In mice, the researchers recorded the joint responses of two main neuronal classes to a range of visual inputs while using a nonlinear theoretical framework to infer synaptic connection strengths that could produce the observed activity. Their modeling approach relied on the stabilized supralinear network (SSN) model, a nonlinear network model that allows direct comparison between simulated and experimentally observed neural activity.
“SSN is one of the few nonlinear models that can be grounded against real neuronal response data,” says Prof. Laura Busse, head of an LMU Neurobiology group. “By integrating SSN with recordings from the thalamus and V1, we could infer multiple possible sets of synaptic weights that reproduce the recorded visual responses.”
A consistent sequence of connection strengths is the key
Across the range of inferred configurations, a consistent ordering of connection strengths emerged. Although absolute synaptic magnitudes varied — as in previous experimental reports — their relative ranking remained stable. For instance, excitatory-to-inhibitory connections were consistently among the strongest, while inhibitory-to-excitatory links were typically weaker in the primary visual cortex.

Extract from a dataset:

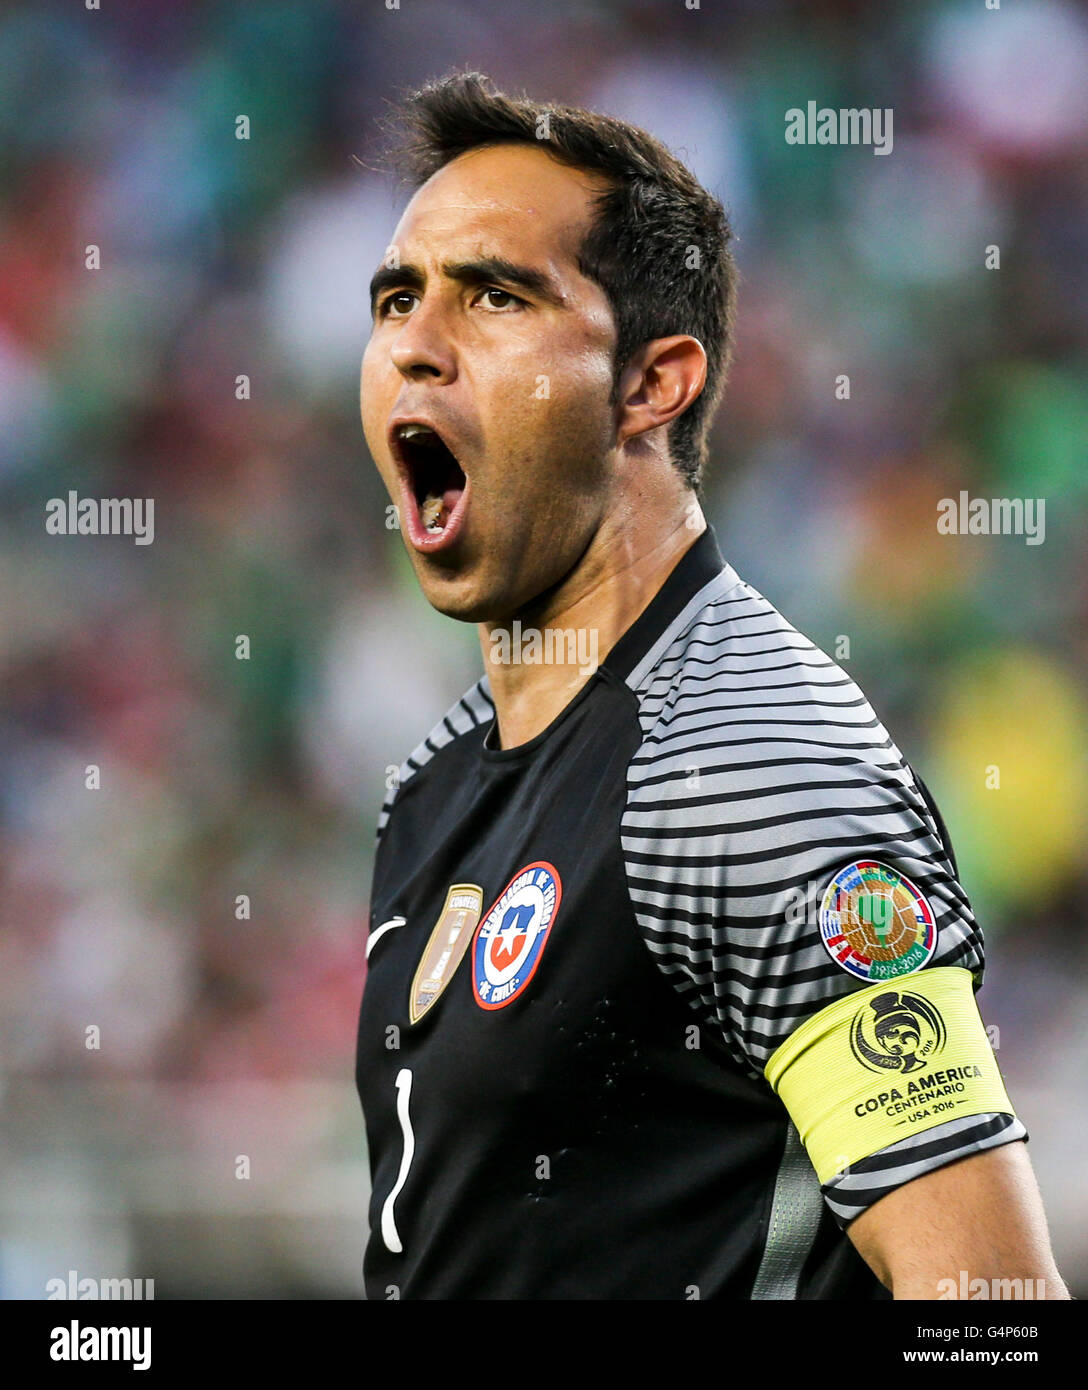 Santa Clara, USA. 18th June, 2016. Claudio Bravo, goalie of Chile, celebrates during the quarterfinal match against Mexico of 2016 Copa America soccer tournament at the Levi's Stadium in Santa Clara, California, the United States, June 18, 2016. Chile won 7-0. Credit:  Zhao Hanrong/Xinhua/Alamy Live News Stock Photo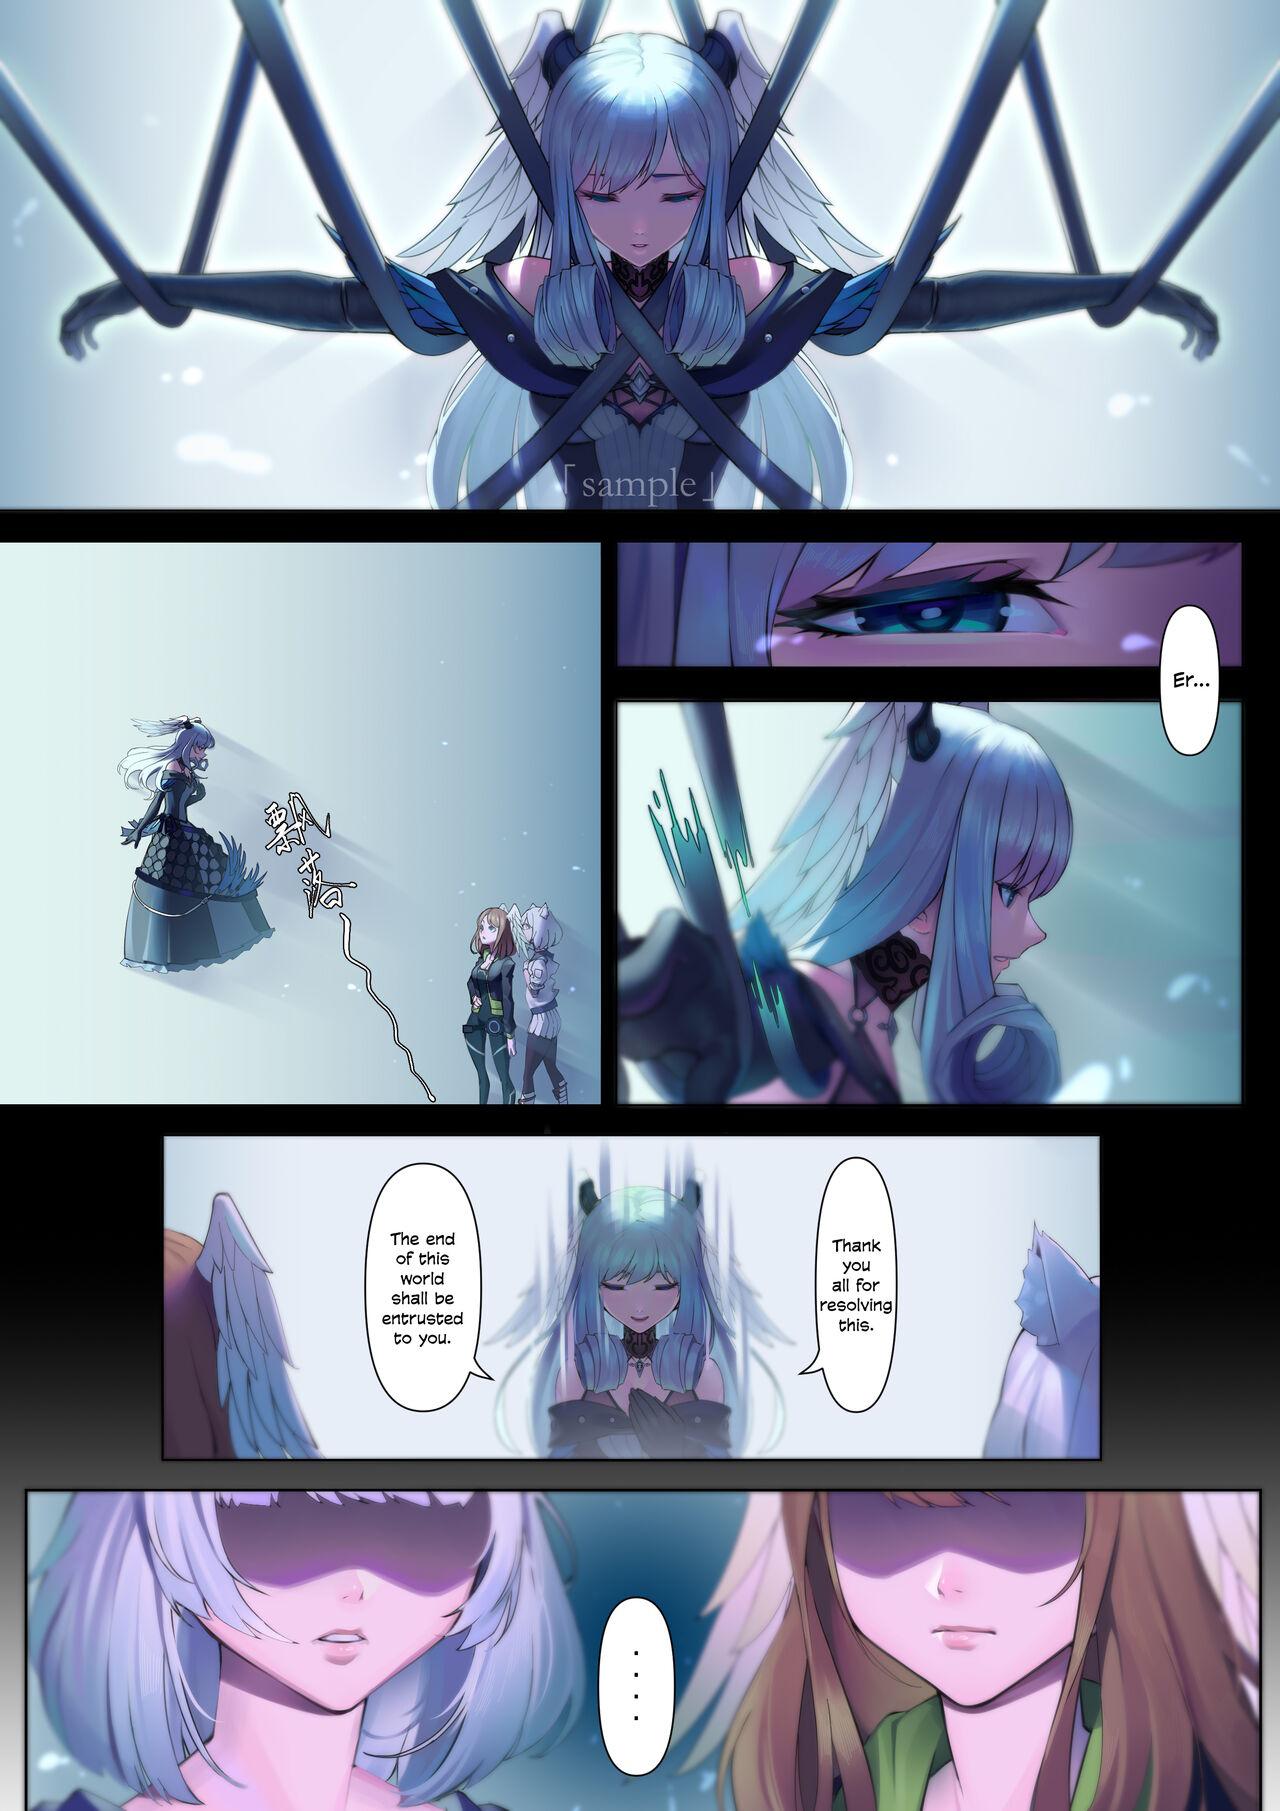 Stepmom 《Xe○blade3》Doujinshi Request - Xenoblade chronicles 3 Chilena - Page 4

This finding indicates that the network’s response profile depends more on the relative ratios of synaptic weights than on their absolute values. “It’s notable that earlier direct measurements of cortical synapses follow the same ordering our method predicts from neural responses alone,” says Simon Renner, Ph.D., of LMU Neurobiology, whose recordings helped characterize cortical and thalamic activity patterns.
The investigators emphasize that neural activity itself carries rich information about underlying connectivity that may not be obvious from isolated synapse measurements. “Our approach offers a practical route to infer network motifs in brain regions where direct access to all synaptic connections is limited,” says Nataliya Kraynyukova, Ph.D., from UKB and the Max Planck Institute.
This study reflects an interdisciplinary collaboration that combined the computational strengths of Prof. Busse’s lab with the experimental expertise of Prof. Tchumatchenko’s teams, enabling complementary analyses that linked measured responses to plausible network architectures.
About this neuroscience research news
Author: Inka Väth
Source: University Hospital Bonn
Contact: Inka Väth – University Hospital Bonn
Image: The image is in the public domain
Original Research: Open access. “In vivo extracellular recordings of thalamic and cortical visual responses reveal V1 connectivity rules” by Simon Renner et al., PNAS
Abstract
In vivo extracellular recordings of thalamic and cortical visual responses reveal V1 connectivity rules
The brain’s connectome frames canonical neural computations, yet measurements of connectivity in mouse primary visual cortex (V1) have reported variable numbers and strengths of connections between defined neuron types. This raises the question of whether such variability can coexist with stable, canonical computations in V1.
Using a theory-driven approach, the authors inferred V1 network connectivity from visual responses recorded in mouse V1 and the visual thalamus (dLGN). Their method showed that identical recorded responses can be explained by multiple connectivity configurations. Crucially, across most inferred configurations, the magnitudes and selectivity of connectivity weights followed a consistent order.
The authors propose that this ordered relationship between weights arises from characteristic shapes of the recorded contrast response functions and from contrast-invariant orientation tuning. Furthermore, connectivity weights derived from previously published connectivity studies conform to the same order, suggesting that relative relations among synaptic weights—rather than absolute magnitudes—constitute a connectivity motif that supports canonical computations in V1.